Currently, existing LLMs lack the ability to differentiate between user prompts and developer-set system instructions. This new method gives system instructions the highest priority, while misaligned prompts are given lower priority. The model is trained to detect inappropriate prompts and respond that it cannot assist with such queries.
OpenAI envisions more complex guardrails in the future, particularly for autonomous agent use cases. The research paper suggests that similar safeguards to those in modern internet systems, like unsafe website detectors and spam classifiers, will be necessary.

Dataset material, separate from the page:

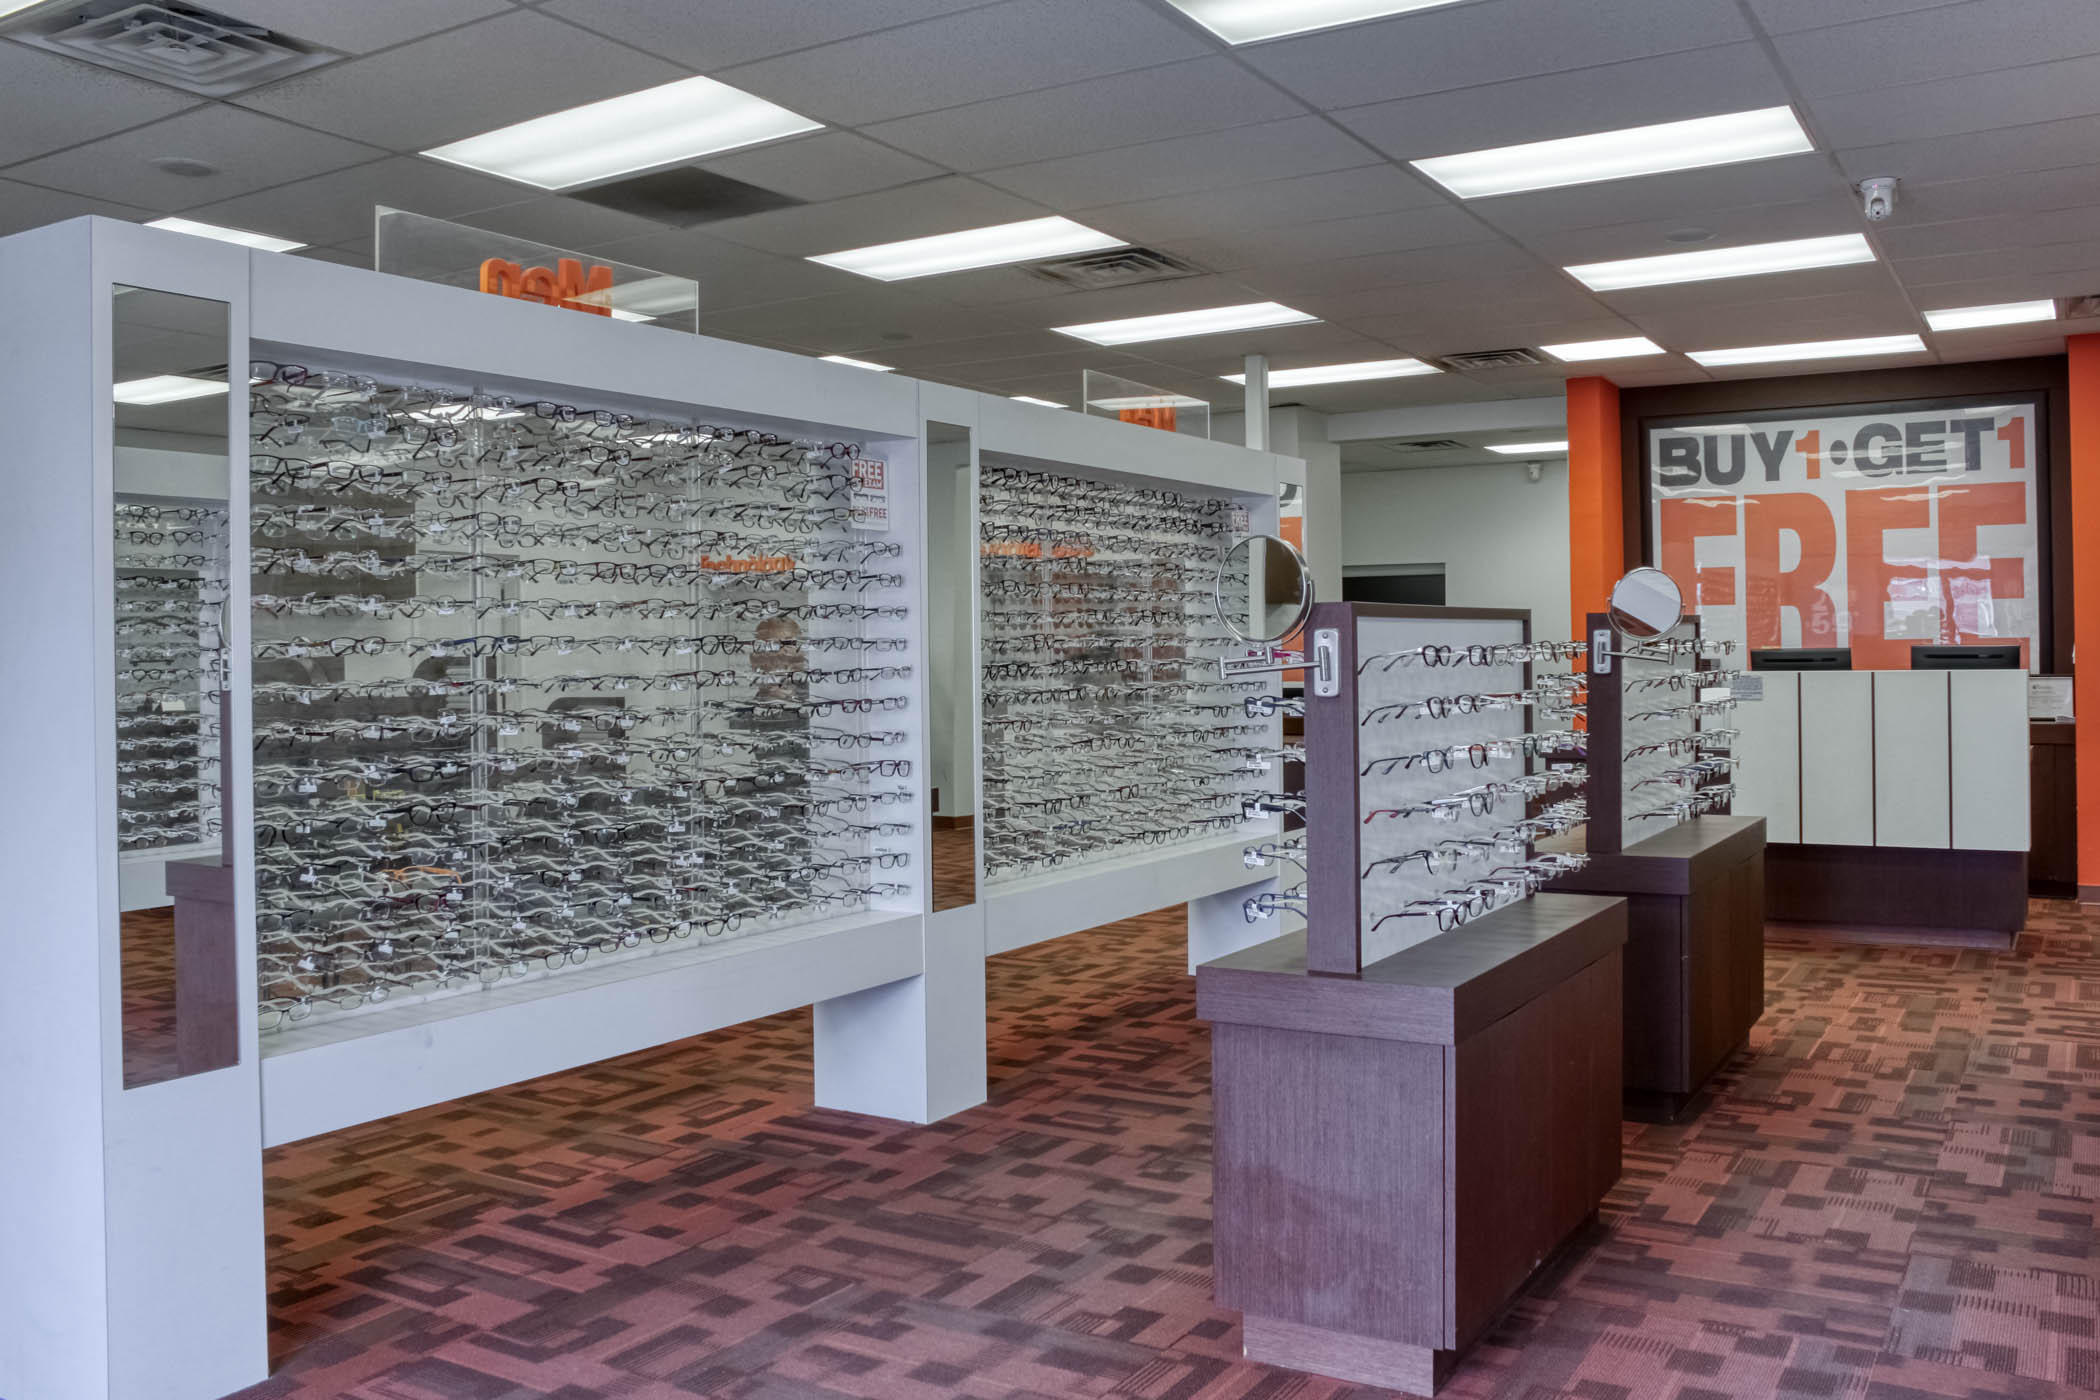 Eyeglasses for sale at Stanton Optical store in Lubbock, TX 79414 Stanton Optical Lubbock (806)305-9420

With the implementation of instruction hierarchy in GPT-4o Mini, misusing AI bots should become more challenging. This update is timely, given OpenAI’s ongoing safety concerns, including calls from employees for better safety practices and the recent dissolution of the team responsible for aligning systems with human interests. Building trust in OpenAI will require significant research and resources to reassure users that GPT models can safely manage their digital lives.